If a withdrawal attempts to withdraw more than the available amount, then we return an error indicating that this is not allowed.
If the account is currently frozen then we return an error indicating this.
Deposits
We need to remember deposits for a while -- potentially "forever" -- as they could later get disputed.
Disputes
We need to remember disputes until we see either a resolve or a chargeback for the disputed transaction.
If a transaction is already under dispute then we will return an error indicating as much.
If a transaction cannot be found then we return an error indicating this.
If the client id of the user submitting the dispute does not match the client id of the user that created the transaction then we consider the dispute to be not valid. This situation is handled for us when we look for the transaction as we include the user id in the key that we look up transaction by.
A dispute for a past deposit can result in negative available balance on the account, if there have been withdrawals or disputes since the time at which the deposit was made. This is fine and expected.
Resolves
When a dispute is resolved, we forget the dispute, but we keep remembering the deposit in case the same transaction is disputed again by the user.
If a current dispute cannot be found then we return an error indicating this.
(As with disputes, user id must match, and is handled because we include the user id in the key that we look up dispute by.)
Chargebacks
When a transaction gets chargeback, the user shall not be able to dispute the same transaction again as the amount has been sent back to their third party bank account. Therefore, we forget about the dispute (and therefore also the transaction itself) after chargeback has been processed.
If a current dispute cannot be found when processing a chargeback then we return an error indicating this.
(As with disputes and resolves, user id must match, and is handled because we include the user id in the key that we look up dispute by.)
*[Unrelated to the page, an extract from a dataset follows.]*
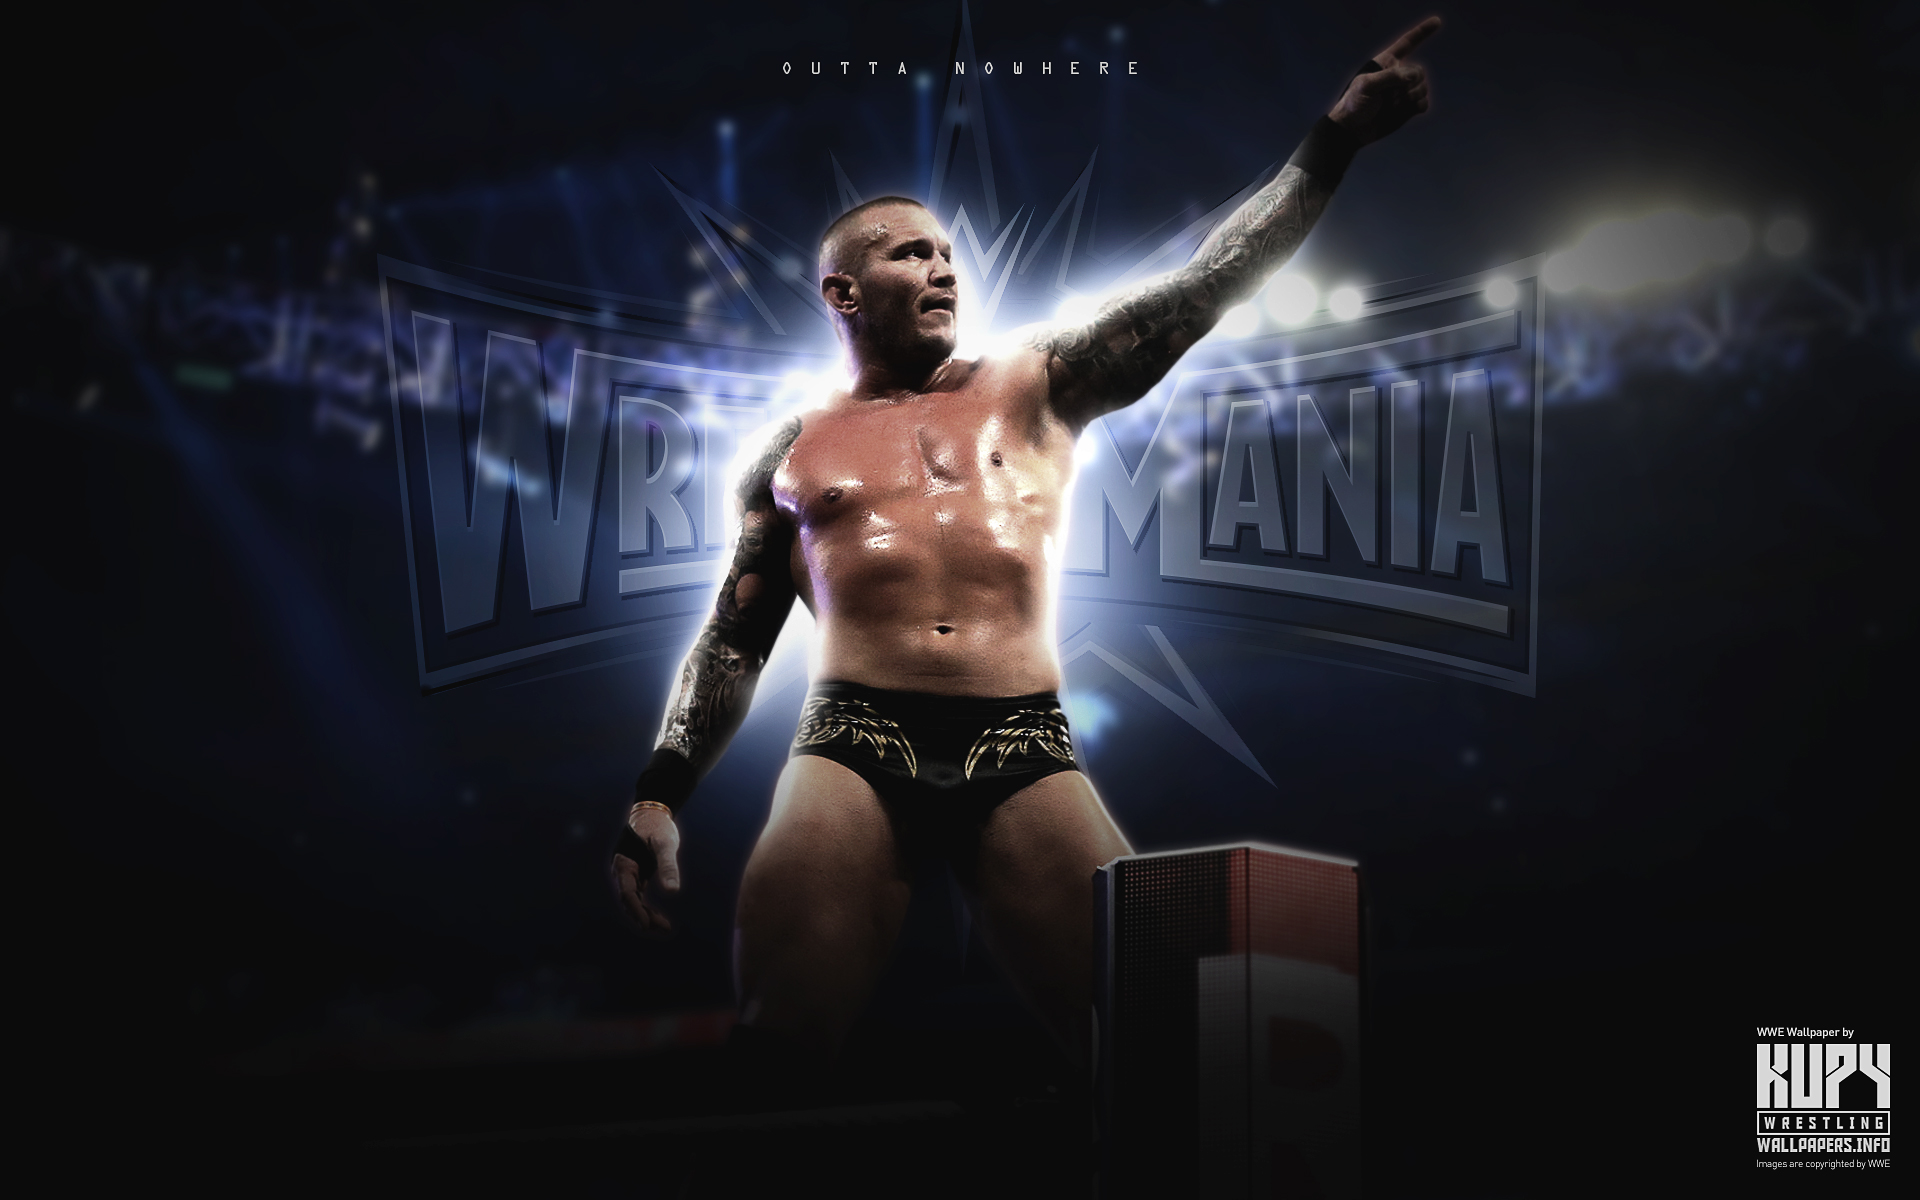 Kupy Wrestling Wallpapers The Latest Source For Your Wwe Wrestling Wallpaper Needs Mobile Hd And 4k Resolutions Available Wwe Royal Rumble Archives Kupy Wrestling Wallpapers The Latest Source For

When the chargeback is processed, the total funds can become negative. This is expected. I guess that is part of the reason why the spec says to freeze the account of the user after processing a chargeback.
Correctness
Assuming that the logic of the handling of the cases as listed above is correct,
the implementation itself should also be correct. Transactions are processed
serially in the order that they are read, with the code currently being
single threaded, and we use std::collections::HashMap
for the deposits
and disputes that we want to remember, as well as for the accounts.
State of transactions
State of past transactions is handled by maintaining two collections of transactions; deposit transactions and dispute transactions. When a valid deposit transaction is received, we remember the transaction for as long as we do not yet see a valid dispute for the transaction.
When a transaction is disputed, we remove the transaction from our collection of deposit transactions and put an entry for the transaction in our collection of disputed transactions.
When a dispute is resolved, we remove the transaction from our collection of disputed transactions and put an entry for it back in the collection of deposit transactions, in case the transaction is disputed again in the future.
When a dispute is charged back, we remove the transaction from our collection of disputed transactions, and we then forget about the transaction as it cannot be disputed again in the future after it has been charged back.
Multithreading
After finishing the single threaded version of the program I will have a look at splitting up the work across the logical CPU cores of the host system. In the multi-threaded version of the program, we will read the CSV input on a single thread and we will use the client id when deciding which thread to send the transaction data for processing to. As such there will not be any synchronization needed between the transaction processing threads.